Omega-3 Alternatives: A Complete Guide | How to Stay Healthy Without Supplements
1️⃣ For those who substitute with fish – 3 times a week route
| food | Serving size | Benefits of Omega-3 supplementation |
|---|---|---|
| mackerel | 1 palm (100g) | EPA+DHA pills 2000mg or more |
| salmon | 100g | 약 1500mg |
| mackerel | 1 piece | 약 1800mg |
| tuna | 1 piece | 약 1400mg |
✔ Practical examples
- Monday night: Grilled mackerel
- Thursday Lunch: Salmon Poke
- Saturday night: Mackerel and kimchi stew
➡ Just like this Meets weekly average criteria.
2️⃣ For those who don't like fish - Microalgae DHA Oil Root
✔ How to choose a product
- On the label DHA 300mg or more / EPA 150mg or more
- “Check for ”microalgae extract“ and ”Algae oil” labels.
✔ How to take
- 1 capsule per day
- right after dinner
➡ Even if you can’t eat fish, you can still supplement EPA and DHA directly.

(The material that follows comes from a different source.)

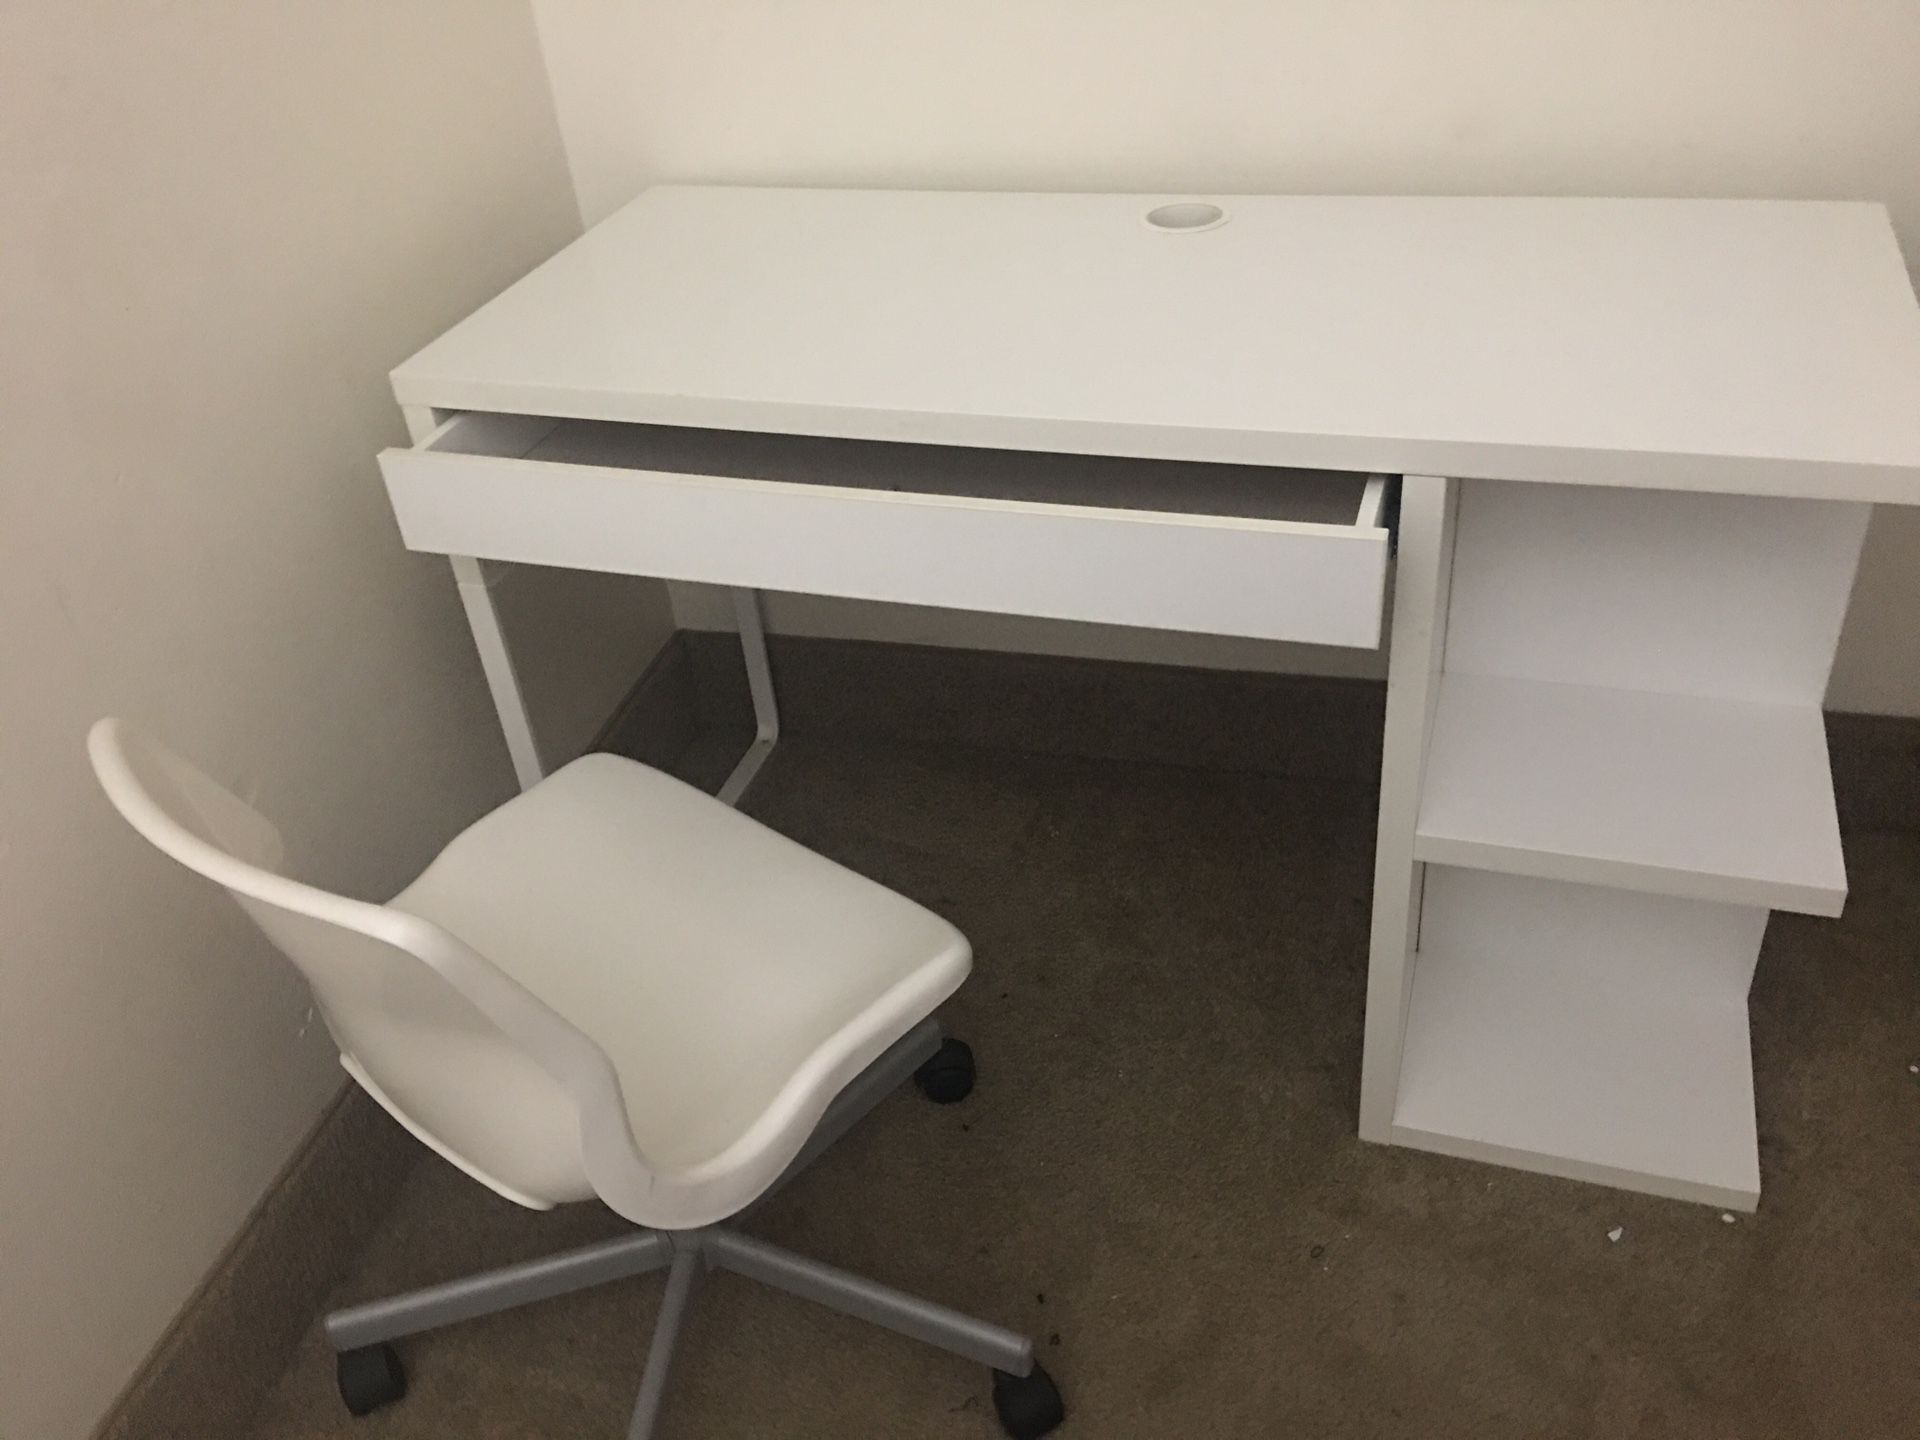 IKEA Desk and Resin Swivel Chair - excellent like new condition

3️⃣ Vegetarian-based diet / For those with sensitive stomachs – ALA plant-based root
✔ Daily intake
| food | Daily intake |
|---|---|
| flaxseed | 1 tablespoon of rice |
| Mr. Chia | 1 tablespoon of rice |
| sesame oil | 1 tablespoon of rice |
| walnut | 5~6 eggs |
✔ How to eat
- Sprinkle flaxseeds on yogurt
- Sesame oil in salad
- Soaking chia seeds in soy milk
➡ The conversion rate of EPA and DHA is low, but Replace basic fat structure with healthy ones.
4️⃣ A Weekly Routine That Never Fails
| day of the week | Practice |
|---|---|
| 월 | mackerel or salmon |
| 화 | flaxseed and chia seed |
| 수 | microalgae oil |
| 목 | fish |
| 금 | sesame oil |
| 토 | fish |
| 일 | walnut |
5️⃣ Checkpoints to make your body comfortable
- Stomach discomfort → Empty stomach ❌ / Must After eating
- Fishy trim → Refrigerate
- If you feel your blood thinning → Stop temporarily
Good articles to read together
✅ Final Summary
Omega 3 is
It can be sufficiently replaced even without nutritional supplements.
- Fish root
- Microalgae route
- vegetable root
Among these Choose just one and practice it for one weekchart
You can immediately feel the difference in your body's reaction.